- Information provided -
----------

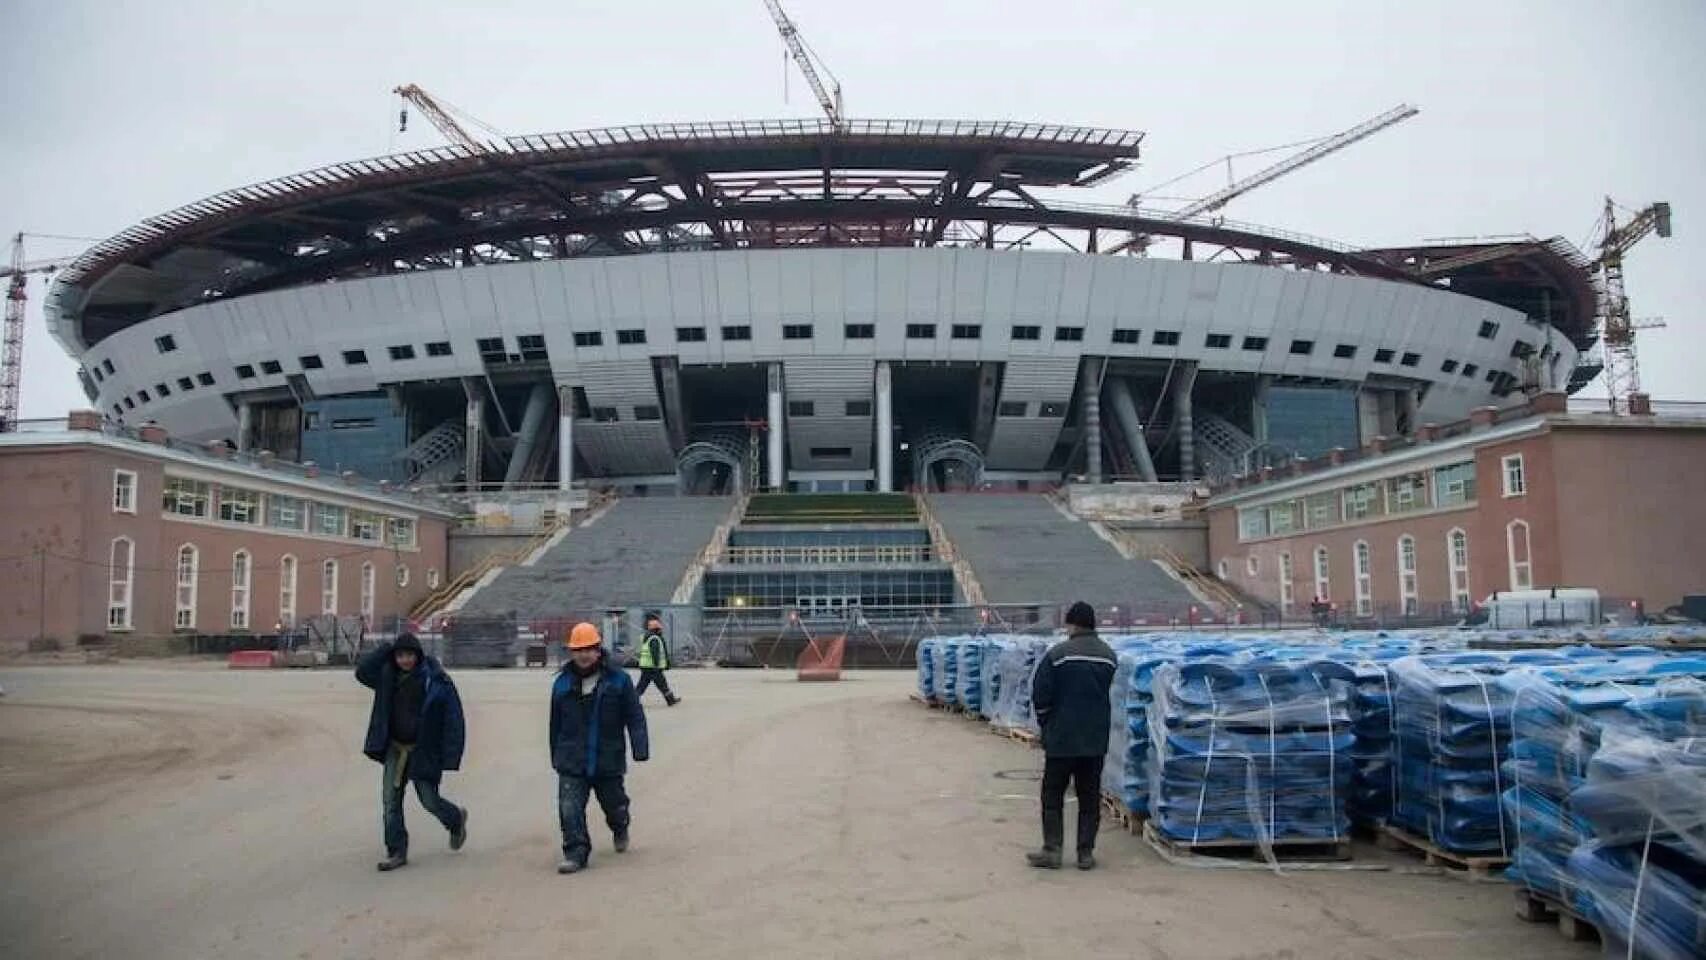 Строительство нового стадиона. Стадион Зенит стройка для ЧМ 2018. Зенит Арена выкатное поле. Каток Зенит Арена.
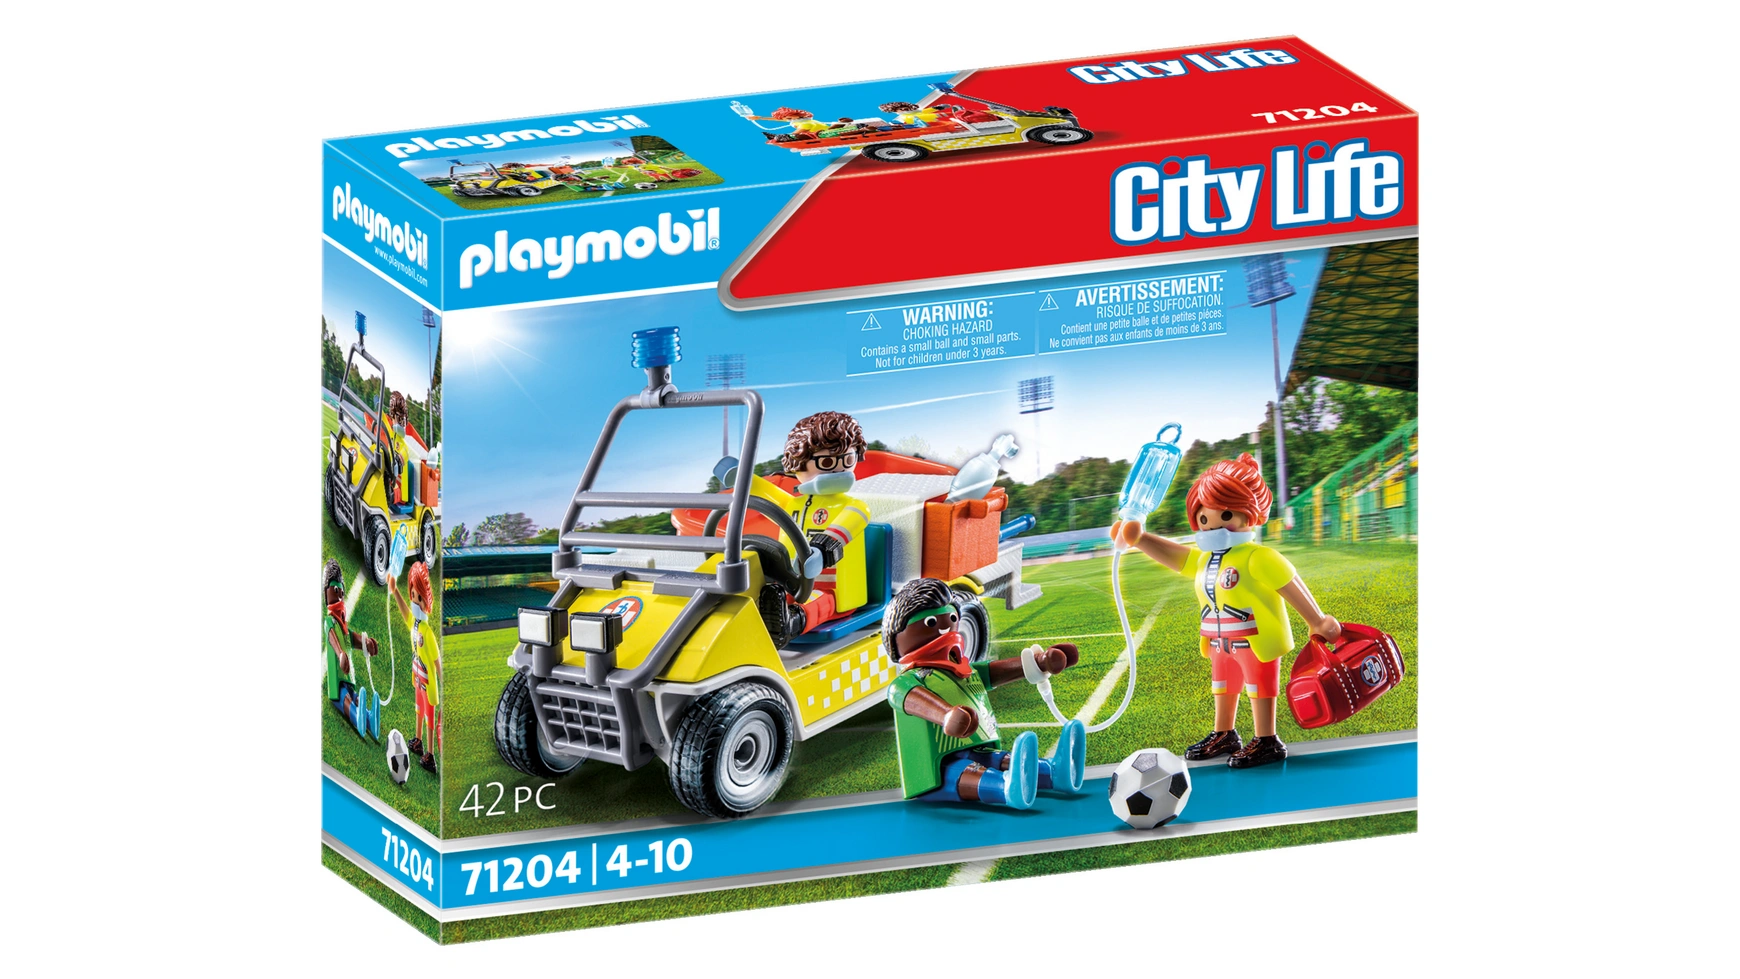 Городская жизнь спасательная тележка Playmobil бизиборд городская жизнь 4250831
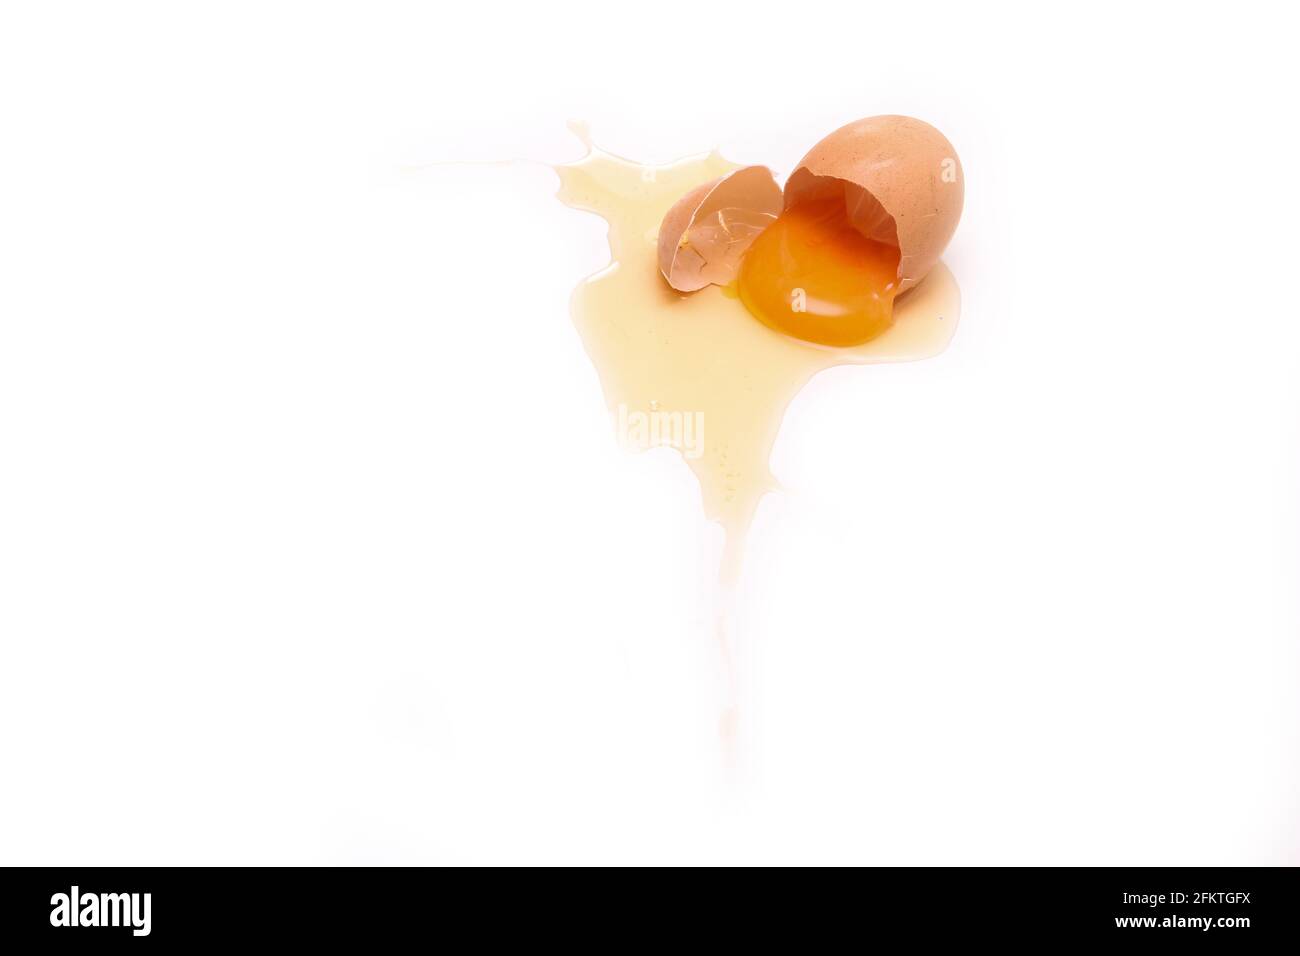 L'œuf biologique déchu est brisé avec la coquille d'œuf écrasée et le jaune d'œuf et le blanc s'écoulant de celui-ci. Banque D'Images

----------

- What is required -
From the line containing "Городская жизнь спасательная" down to the end of the listing above, every line is to be returned exactly, though the pictures are not.

- Completed exercise -
 Городская жизнь спасательная тележка Playmobil бизиборд городская жизнь 4250831
 L'œuf biologique déchu est brisé avec la coquille d'œuf écrasée et le jaune d'œuf et le blanc s'écoulant de celui-ci. Banque D'Images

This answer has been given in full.